Late last week, the Venezuelan government detained Timothy Tracy, a 35-year-old American filmmaker, on charges of attempting to foment unrest in Venezuela following its contested April 14 presidential election. Given the Venezuelan government's long history of lobbing absurd accusations at the United States -- most recently alleging that American "imperialists" had infected the late Hugo Chávez with cancer -- Tracy's arrest carries a whiff of Chávez-era paranoia, and a hint of cold political calculation to direct deep dissatisfaction over the election result at Venezuela's primary political enemy: the United States. Tracy was arrested at the airport trying to leave the country.

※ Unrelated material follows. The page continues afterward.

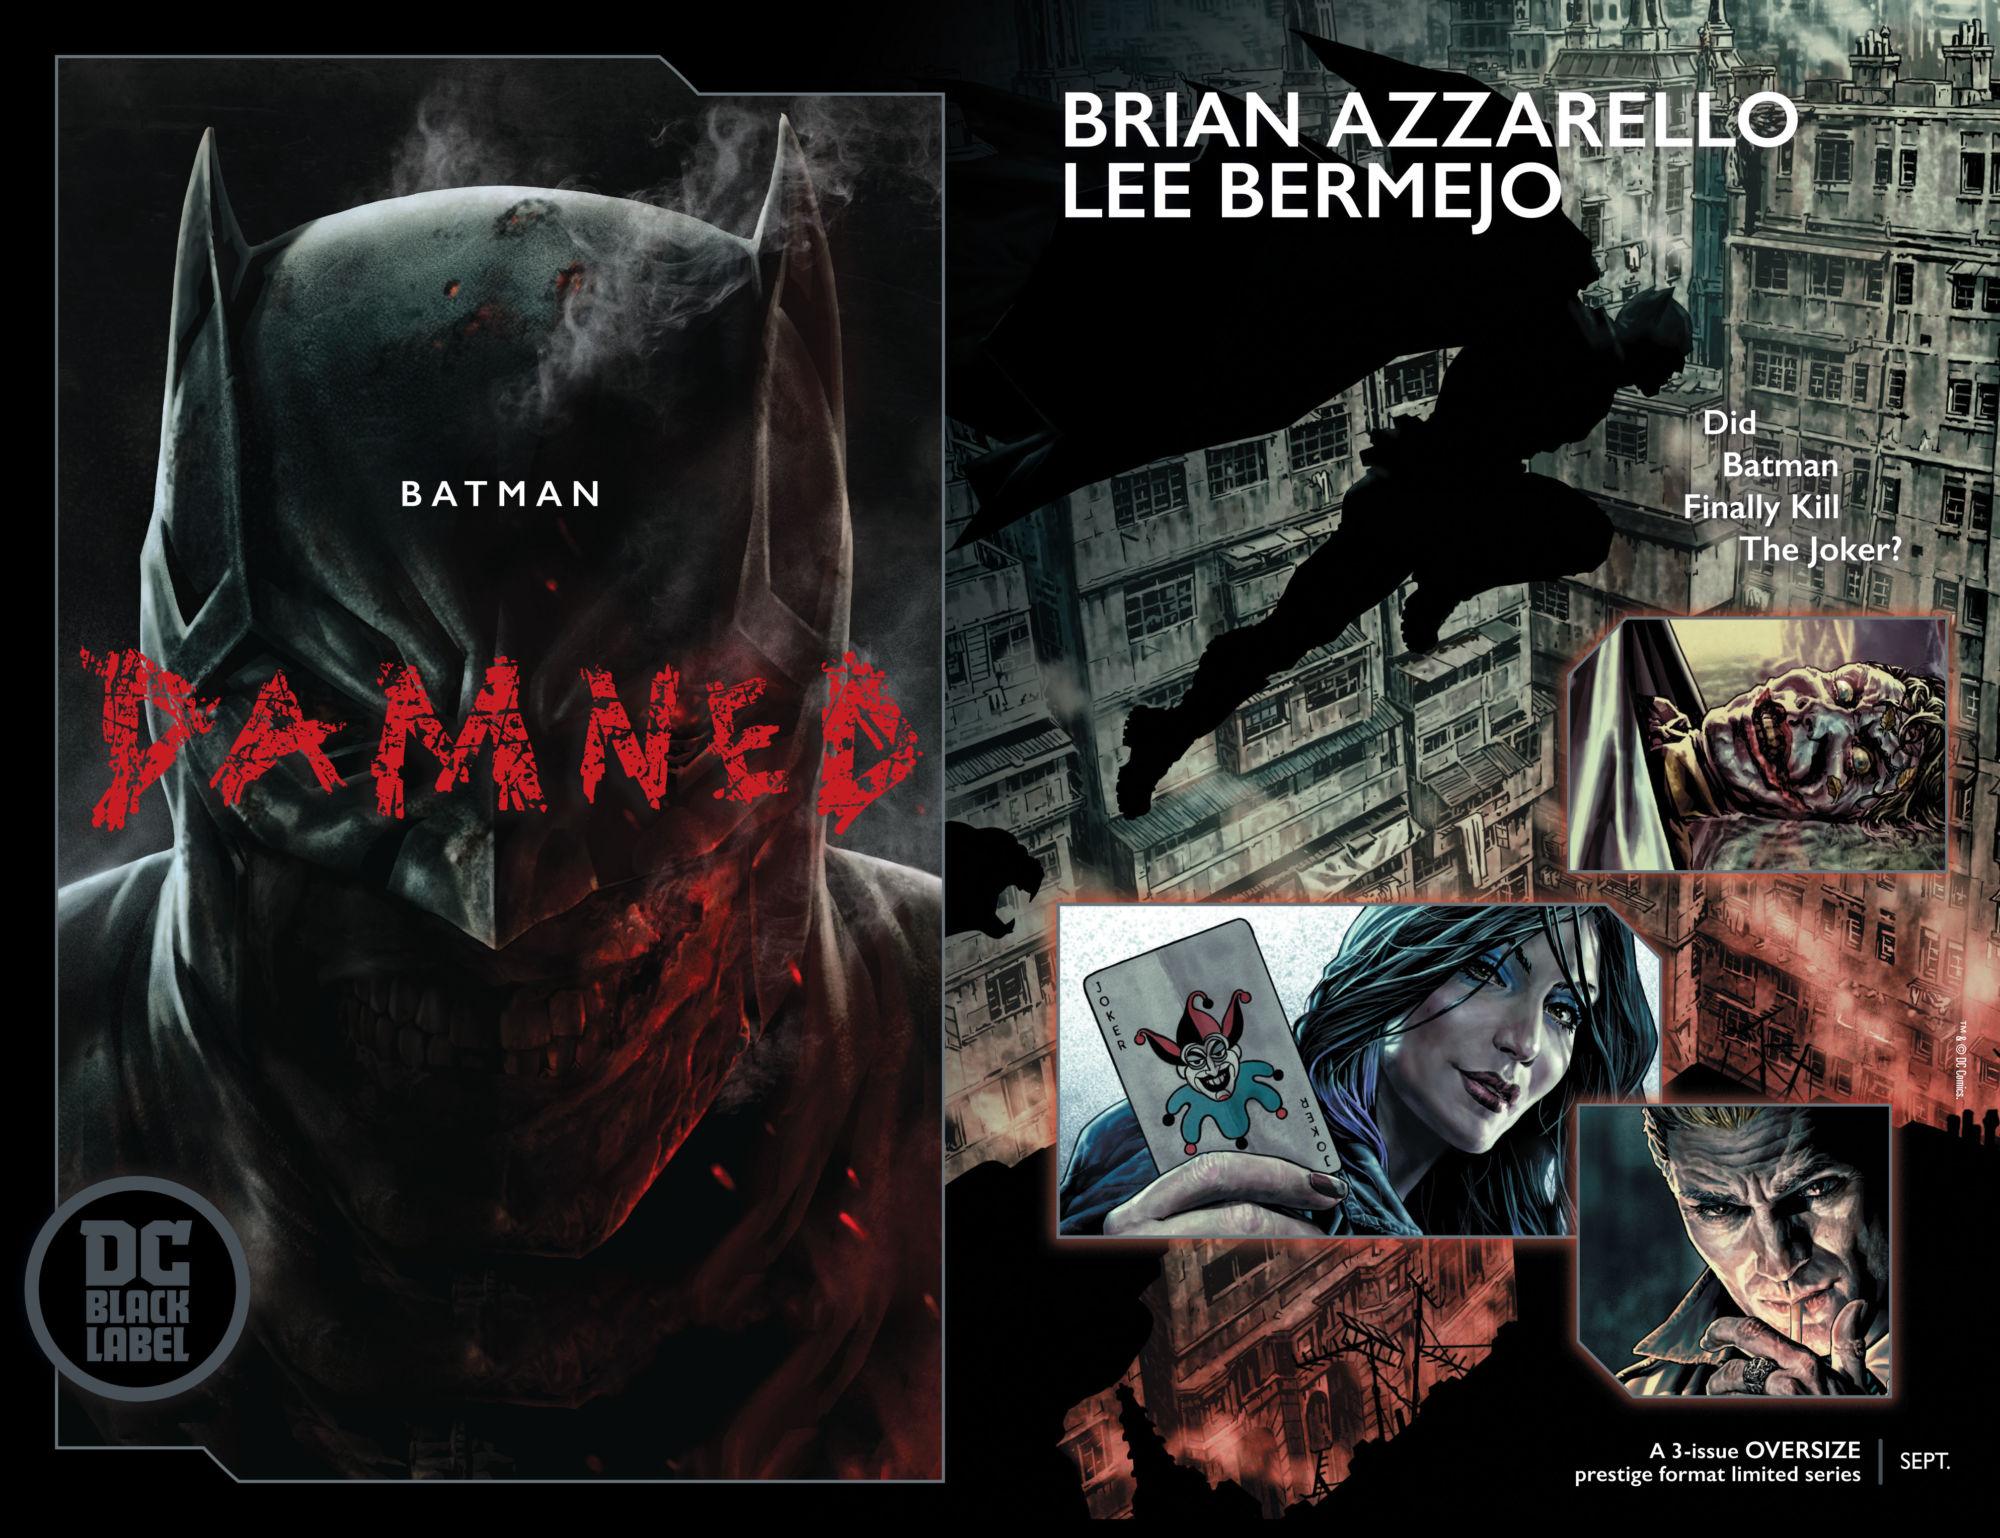 DC Comics kuasai bisnis komik superheroes sepanjang tahun 2018
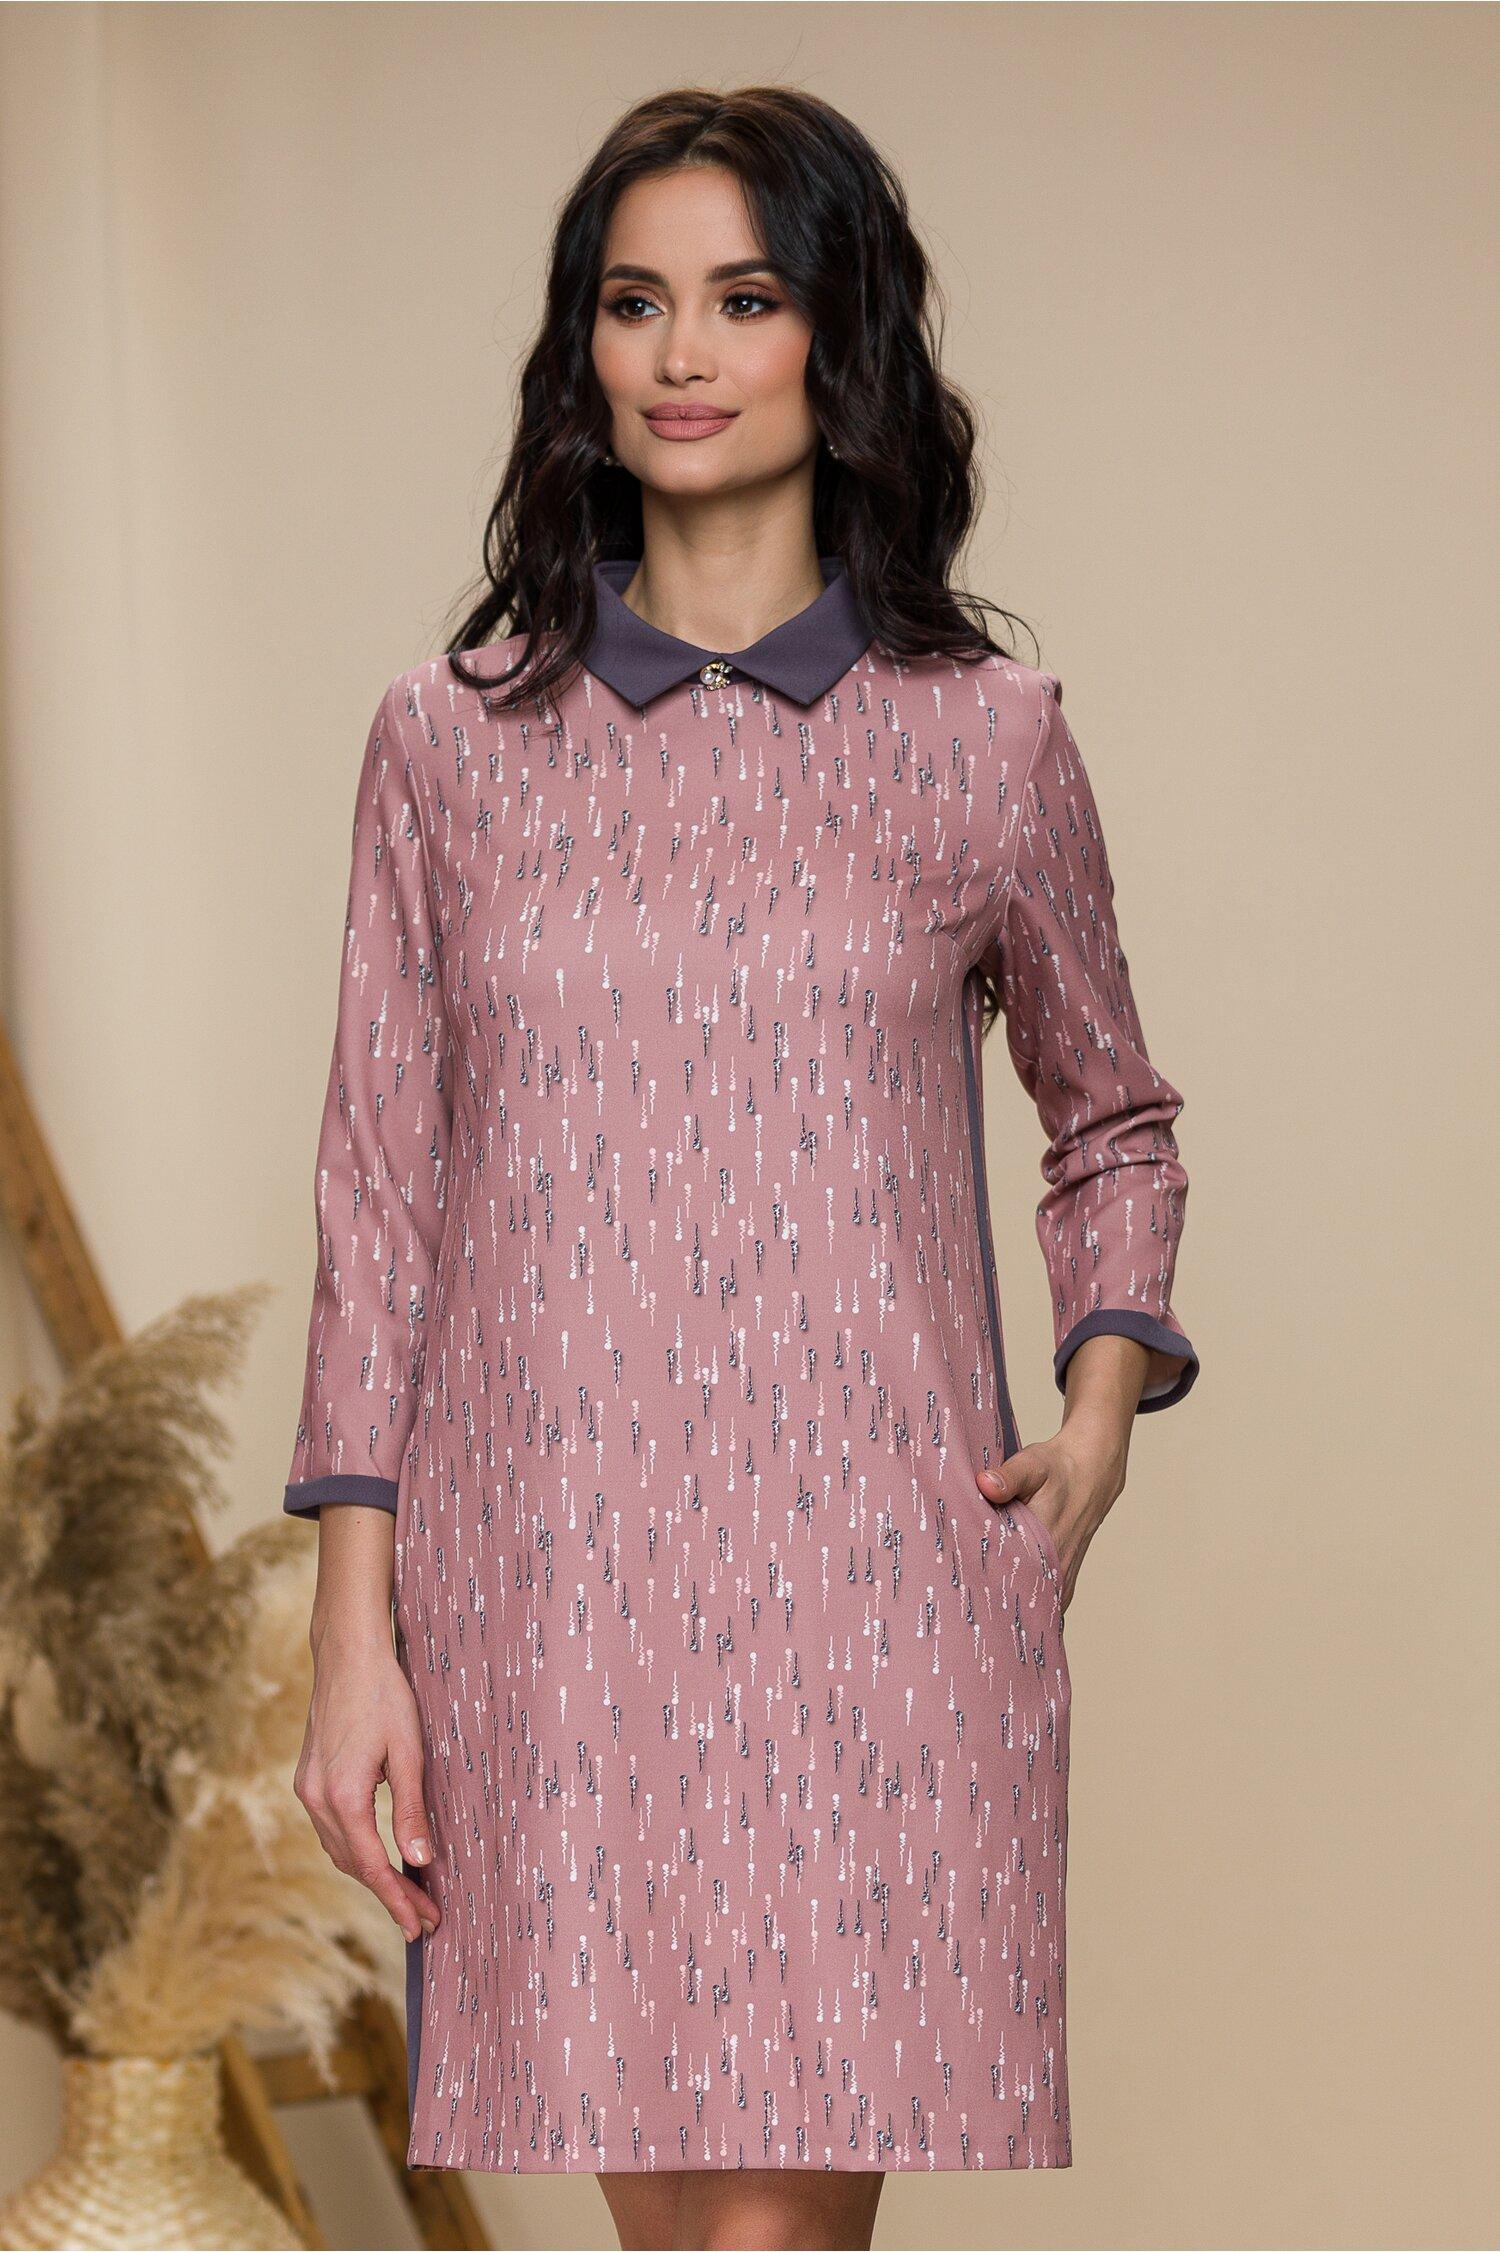 Rochie Anais roz cu imprimeuri si guler gri

So who is Timothy Tracy? The New York Times describes him as a somewhat naive Hollywood producer with only rudimentary Spanish and no knowledge of Venezuela who was working on a documentary about the country's political divisions. "He seemed like a man on a lark," the Times writes. According to his LinkedIn profile, Tracy graduated from Phillips Academy Andover, the prestigious New England prep school, and Georgetown before taking on a series of producing gigs in Los Angeles. 

What's particularly baffling about the case is that Tracy's film and television experience is far from what one would expect from a documentary filmmaker exploring one of the world's most dangerous countries.

Tracy describes himself as the creator and producer of Madhouse, a History Channel show about stock car racing in North Carolina. Check out the trailer below, which appears to be something of a parody of the American South and NASCAR culture.

He also claims to have served as a production manager on Poliwood, a documentary about the intersection of American politics and Hollywood:

And he served as a co-producer and story consultant on American Harmony, a documentary about a barber shop singing competition. It looks as delightfully bad as you'd expect: 

Not exactly the credits you'd expect from someone the Venezuelan government insists -- with no proof so far -- is a spy.